(Data section begins)

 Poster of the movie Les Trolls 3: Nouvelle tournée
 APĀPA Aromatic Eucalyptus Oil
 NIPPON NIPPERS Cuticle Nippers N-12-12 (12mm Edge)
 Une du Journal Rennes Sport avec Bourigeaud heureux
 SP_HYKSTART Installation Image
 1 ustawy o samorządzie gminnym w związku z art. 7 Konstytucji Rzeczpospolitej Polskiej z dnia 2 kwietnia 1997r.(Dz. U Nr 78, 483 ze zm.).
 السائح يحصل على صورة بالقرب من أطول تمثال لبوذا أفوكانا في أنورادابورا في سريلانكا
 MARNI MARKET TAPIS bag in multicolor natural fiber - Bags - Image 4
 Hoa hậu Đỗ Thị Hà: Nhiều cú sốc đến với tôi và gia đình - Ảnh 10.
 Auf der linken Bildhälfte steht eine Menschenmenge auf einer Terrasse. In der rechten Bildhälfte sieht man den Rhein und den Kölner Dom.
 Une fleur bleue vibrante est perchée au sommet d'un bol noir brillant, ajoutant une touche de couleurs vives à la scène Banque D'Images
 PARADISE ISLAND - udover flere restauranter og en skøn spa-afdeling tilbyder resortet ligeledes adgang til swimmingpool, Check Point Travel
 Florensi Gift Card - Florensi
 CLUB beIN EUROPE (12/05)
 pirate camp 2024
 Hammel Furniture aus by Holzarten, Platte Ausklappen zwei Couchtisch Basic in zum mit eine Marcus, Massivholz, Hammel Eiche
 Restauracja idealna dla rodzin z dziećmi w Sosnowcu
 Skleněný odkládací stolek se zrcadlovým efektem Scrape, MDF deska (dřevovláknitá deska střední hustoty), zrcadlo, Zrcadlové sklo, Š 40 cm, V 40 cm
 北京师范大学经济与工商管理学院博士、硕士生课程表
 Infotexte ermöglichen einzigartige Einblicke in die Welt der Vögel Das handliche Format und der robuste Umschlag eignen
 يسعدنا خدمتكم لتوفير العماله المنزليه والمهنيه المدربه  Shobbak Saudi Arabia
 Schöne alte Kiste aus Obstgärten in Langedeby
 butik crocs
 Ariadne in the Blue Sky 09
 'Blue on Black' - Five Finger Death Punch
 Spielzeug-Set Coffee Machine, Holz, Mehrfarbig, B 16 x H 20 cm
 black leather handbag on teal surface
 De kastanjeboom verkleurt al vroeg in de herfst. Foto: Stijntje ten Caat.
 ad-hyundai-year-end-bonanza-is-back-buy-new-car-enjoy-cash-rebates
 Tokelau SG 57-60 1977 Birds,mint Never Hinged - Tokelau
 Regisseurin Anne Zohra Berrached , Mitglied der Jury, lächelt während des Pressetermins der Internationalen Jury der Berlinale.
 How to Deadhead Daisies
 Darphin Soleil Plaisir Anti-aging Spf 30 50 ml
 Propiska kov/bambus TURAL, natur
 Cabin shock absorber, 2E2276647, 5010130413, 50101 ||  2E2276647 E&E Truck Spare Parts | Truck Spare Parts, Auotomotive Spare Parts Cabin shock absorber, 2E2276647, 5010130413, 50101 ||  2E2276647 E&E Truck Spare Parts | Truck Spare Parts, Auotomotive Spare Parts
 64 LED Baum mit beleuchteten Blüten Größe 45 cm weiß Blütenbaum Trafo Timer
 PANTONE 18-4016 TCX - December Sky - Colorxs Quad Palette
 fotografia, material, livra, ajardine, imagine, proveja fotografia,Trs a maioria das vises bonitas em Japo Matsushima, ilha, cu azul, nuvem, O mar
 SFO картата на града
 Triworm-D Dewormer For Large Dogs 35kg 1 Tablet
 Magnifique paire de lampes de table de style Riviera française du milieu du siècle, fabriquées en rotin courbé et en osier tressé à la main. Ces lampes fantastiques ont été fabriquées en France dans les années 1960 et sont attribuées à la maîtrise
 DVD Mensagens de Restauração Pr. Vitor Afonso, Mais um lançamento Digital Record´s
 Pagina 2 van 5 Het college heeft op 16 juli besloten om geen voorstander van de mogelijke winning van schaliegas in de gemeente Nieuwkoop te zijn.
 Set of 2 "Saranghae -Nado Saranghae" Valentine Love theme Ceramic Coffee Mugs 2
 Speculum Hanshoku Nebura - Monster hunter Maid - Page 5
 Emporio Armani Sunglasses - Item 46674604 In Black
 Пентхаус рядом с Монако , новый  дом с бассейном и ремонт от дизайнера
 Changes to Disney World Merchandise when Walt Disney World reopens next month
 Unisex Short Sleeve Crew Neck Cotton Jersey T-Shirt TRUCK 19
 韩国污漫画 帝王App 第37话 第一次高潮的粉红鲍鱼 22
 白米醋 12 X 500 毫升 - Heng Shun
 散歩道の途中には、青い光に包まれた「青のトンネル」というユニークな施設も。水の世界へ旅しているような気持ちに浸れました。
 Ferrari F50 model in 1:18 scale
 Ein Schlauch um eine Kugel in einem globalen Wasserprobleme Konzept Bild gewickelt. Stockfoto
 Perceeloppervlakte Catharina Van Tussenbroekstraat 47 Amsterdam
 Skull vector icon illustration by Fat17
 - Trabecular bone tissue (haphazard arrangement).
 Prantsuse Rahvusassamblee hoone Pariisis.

(Data section ends)

**Exercise:**
Please output exactly the lines between the one holding "Coffee Mugs 2" and the one holding "Пентхаус рядом с" in the records above, inclusive, and nothing more.

**Completed task:**
 Set of 2 "Saranghae -Nado Saranghae" Valentine Love theme Ceramic Coffee Mugs 2
 Speculum Hanshoku Nebura - Monster hunter Maid - Page 5
 Emporio Armani Sunglasses - Item 46674604 In Black
 Пентхаус рядом с Монако , новый  дом с бассейном и ремонт от дизайнера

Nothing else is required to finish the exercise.